Activity >> Beginning with the line where "AU-50 - 1 cent 1858 and 1859 - Victoria" appears, restate each line word for word until the data ends. Pictures do not go in.

Data below >>
/---

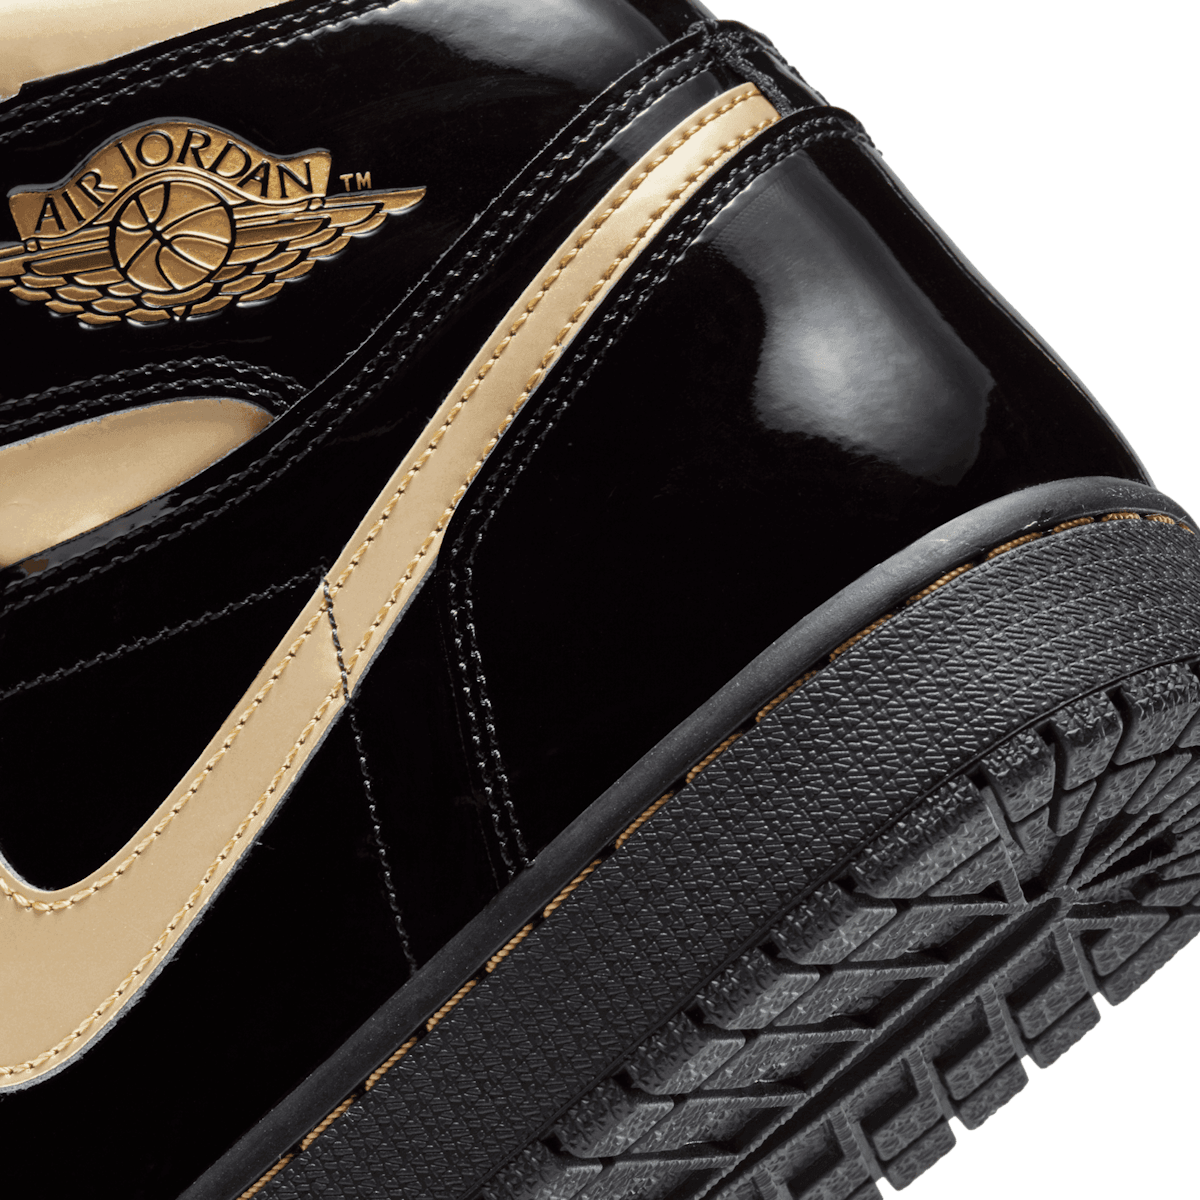 Air Jordan 1 Retro High Black Metallic Gold - 555088-032 Raffles
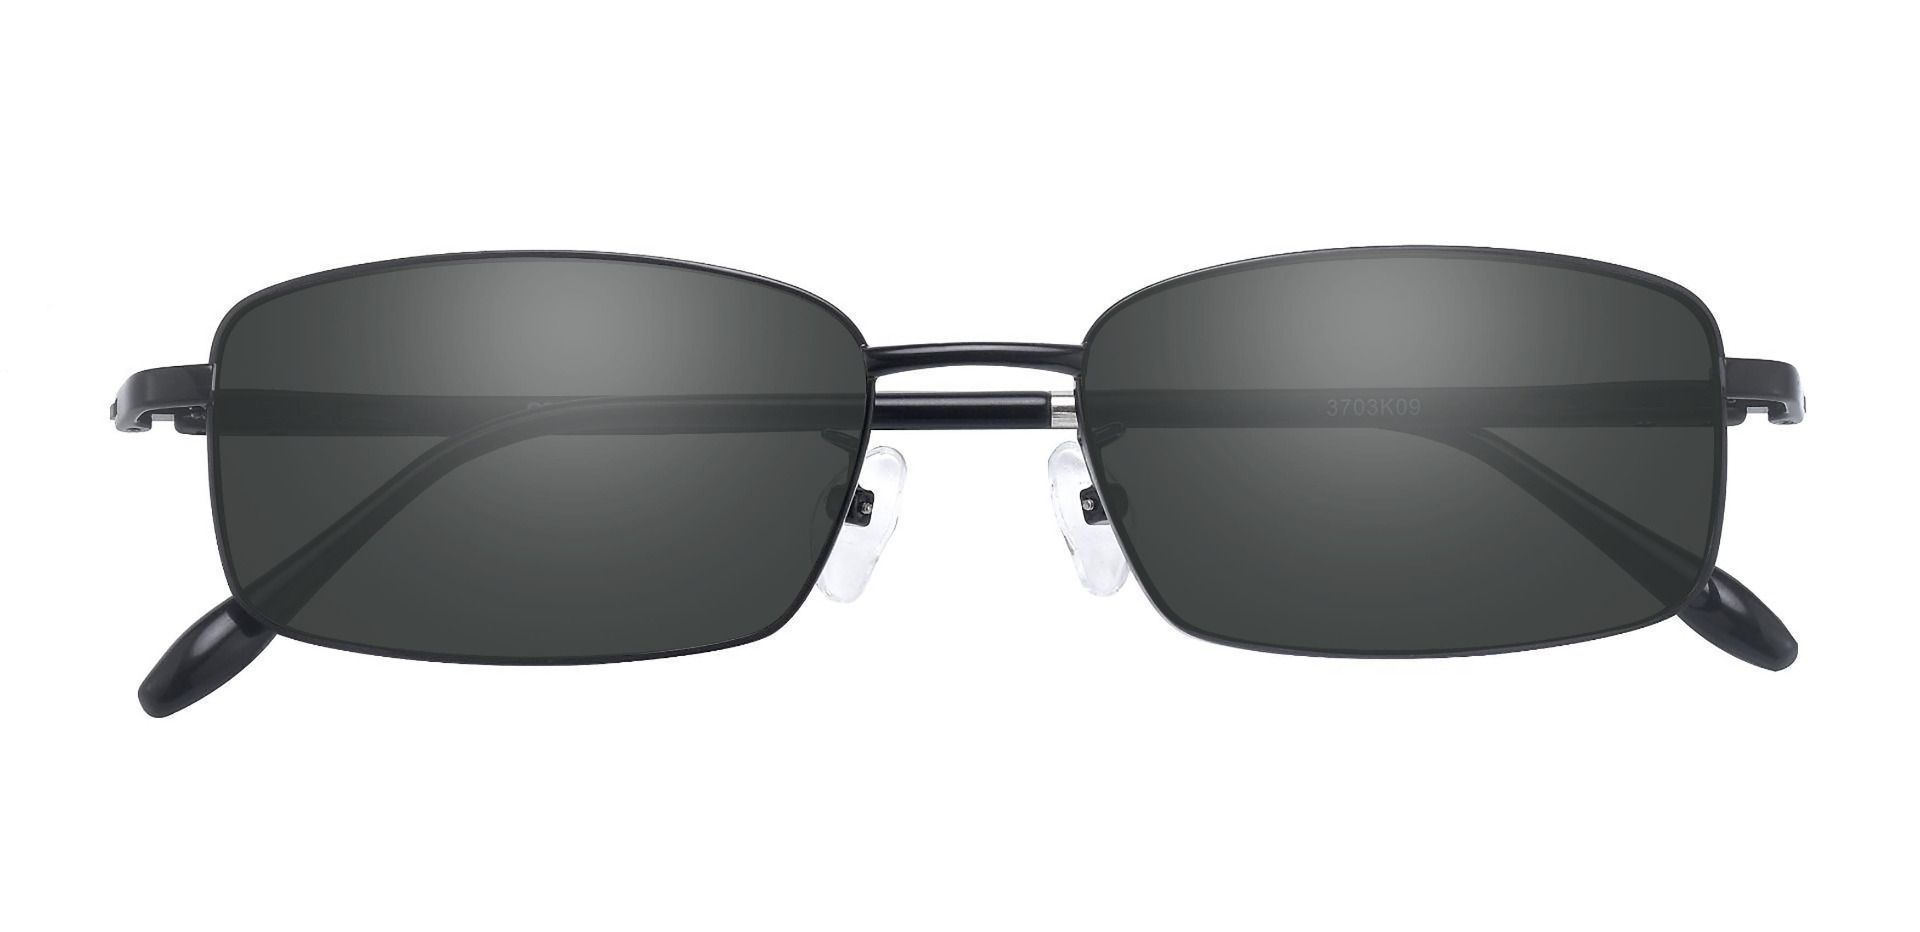 Press Rectangle Prescription Sunglasses - Black Frame With Gray Lenses
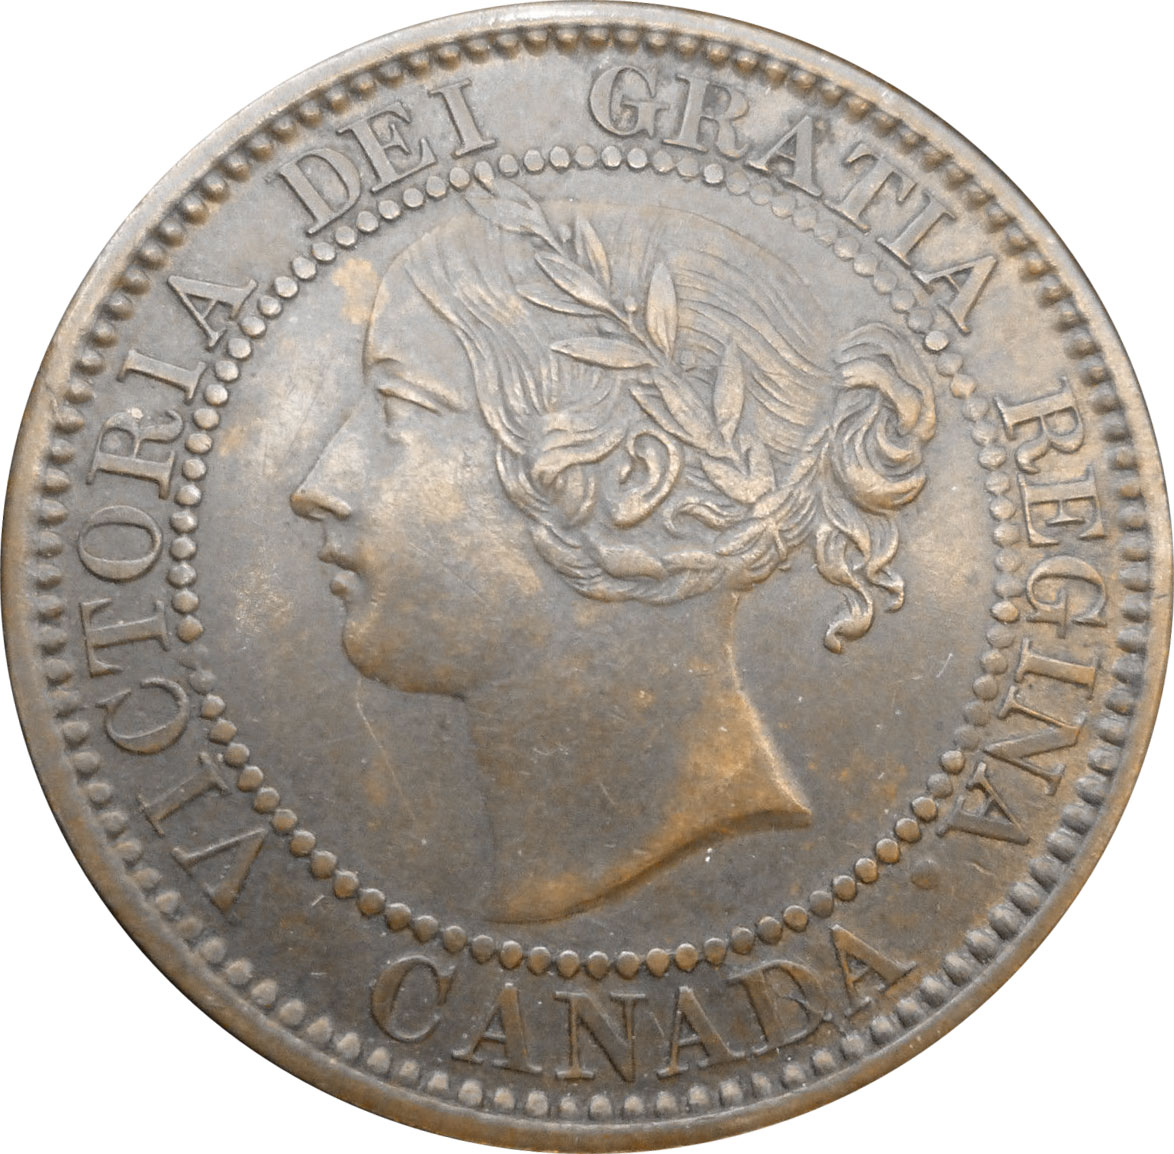 AU-50 - 1 cent 1858 and 1859 - Victoria
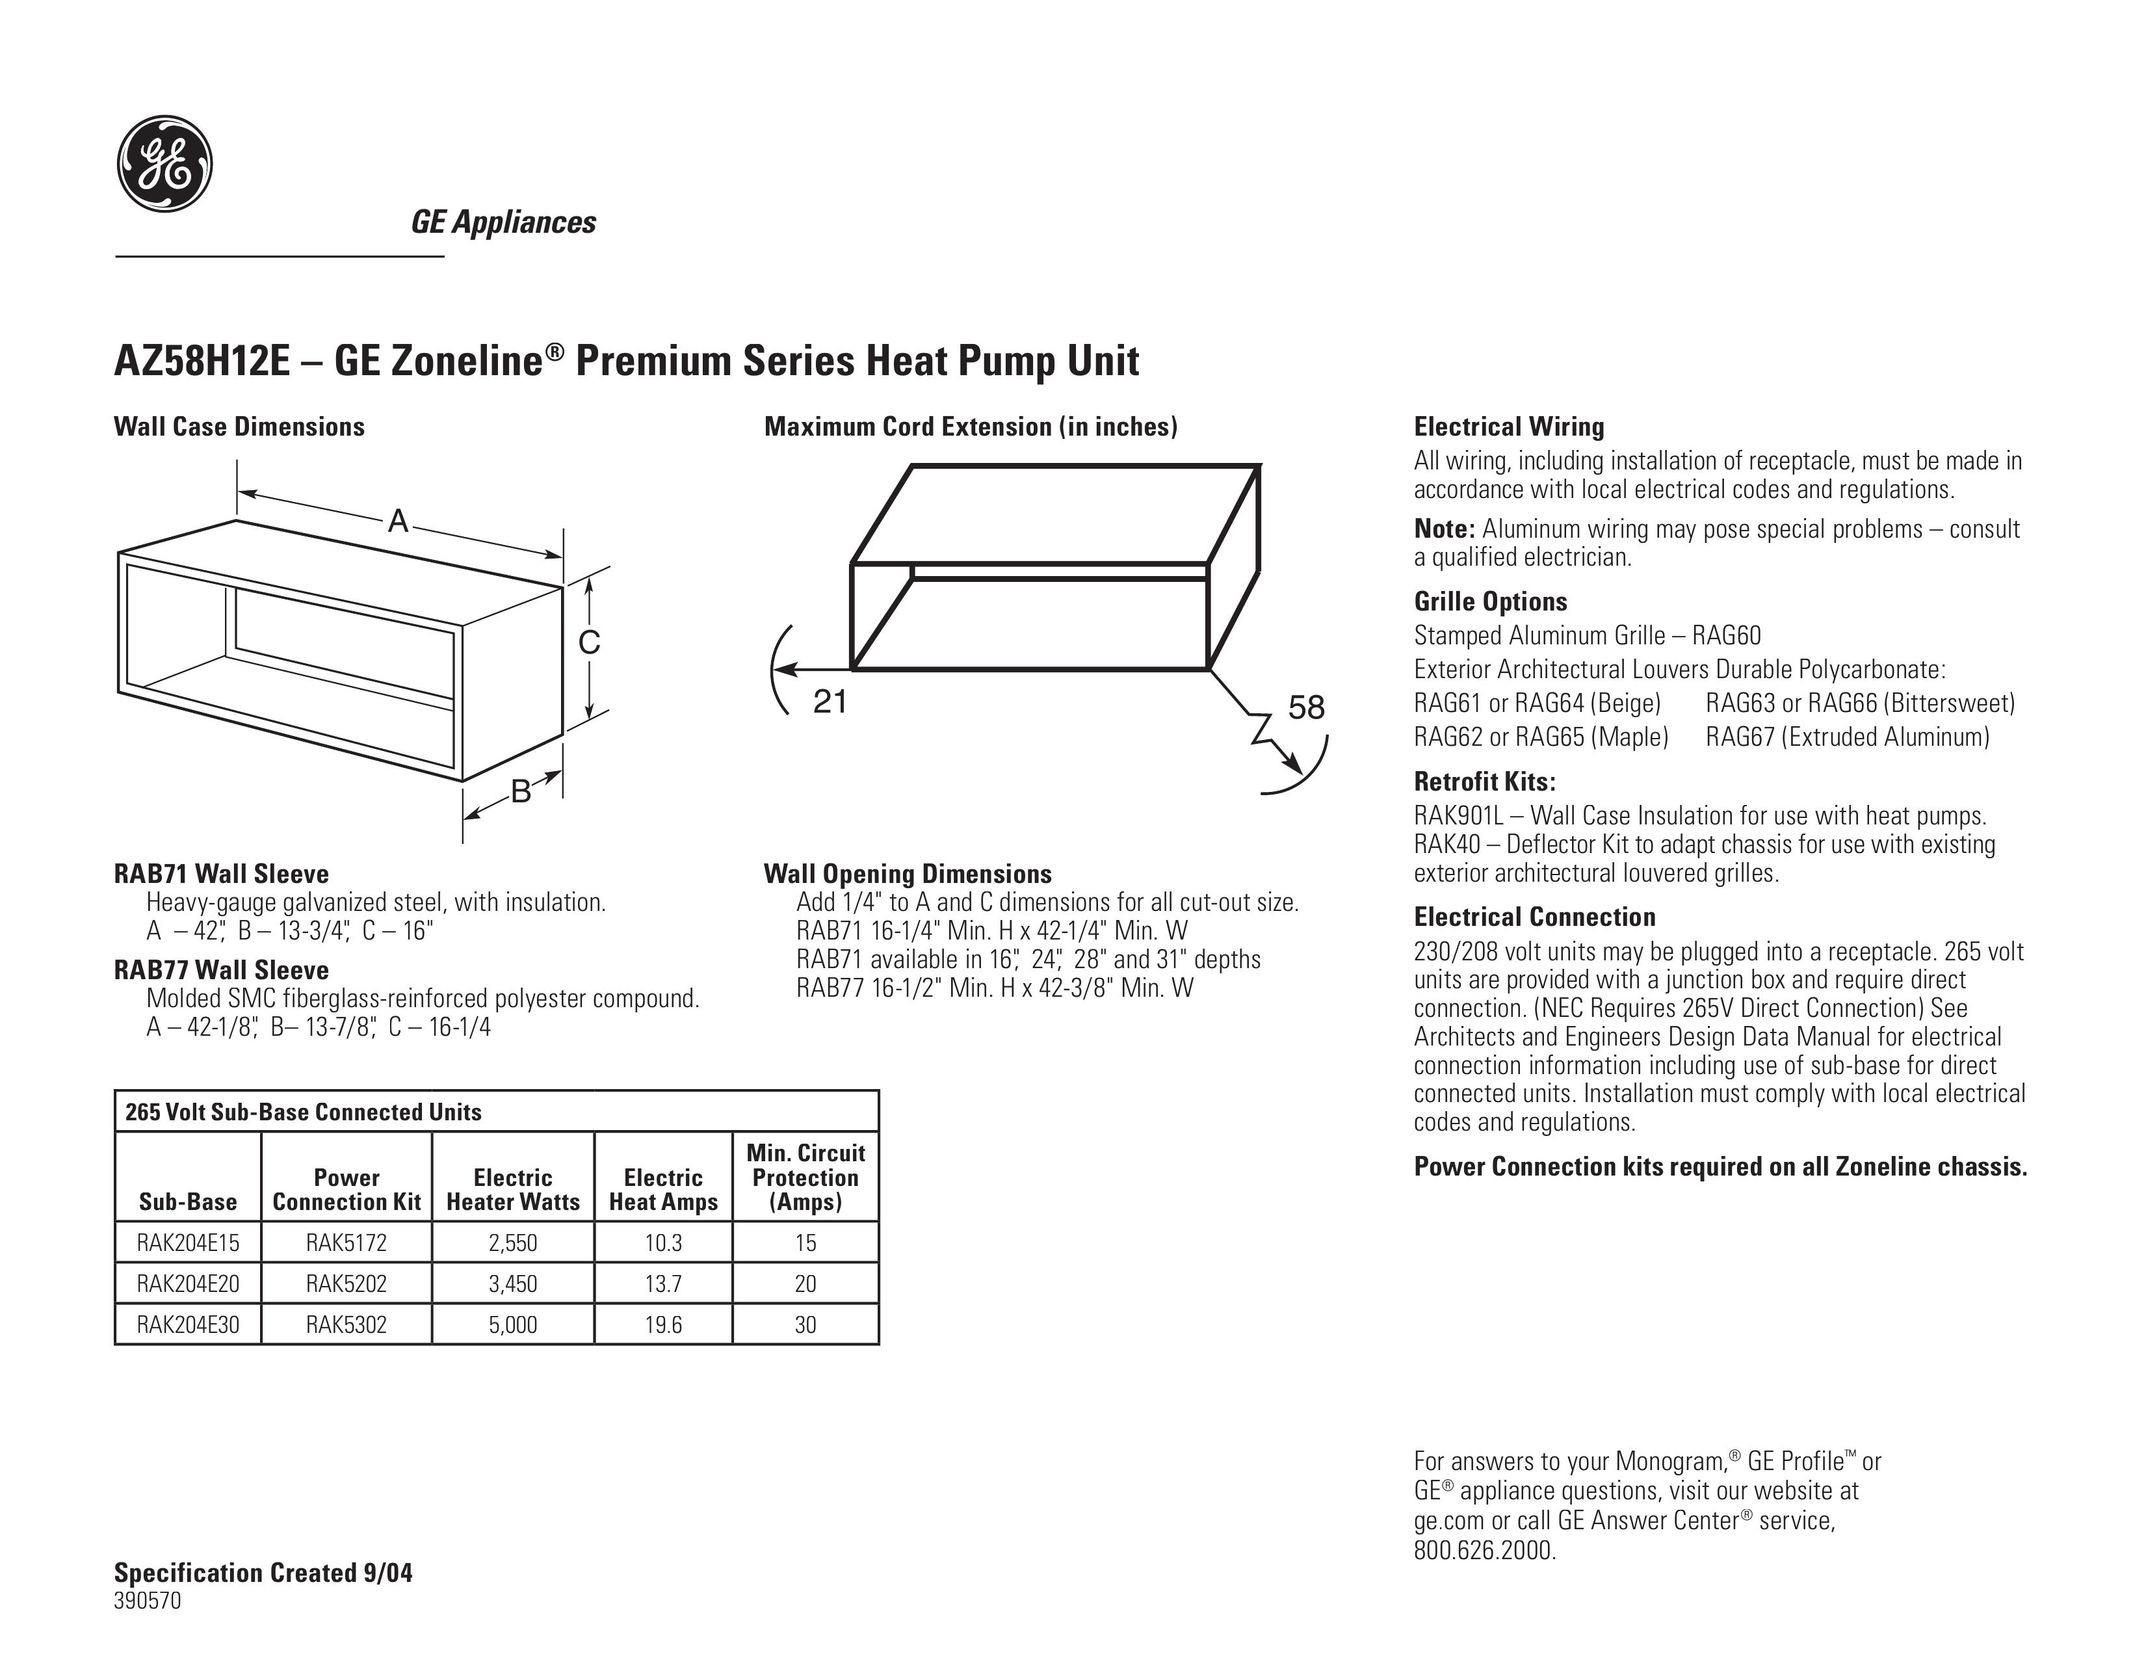 GE AZ58H12EAC Heat Pump User Manual

\---

Completed exercise >>
 AU-50 - 1 cent 1858 and 1859 - Victoria
 GE AZ58H12EAC Heat Pump User Manual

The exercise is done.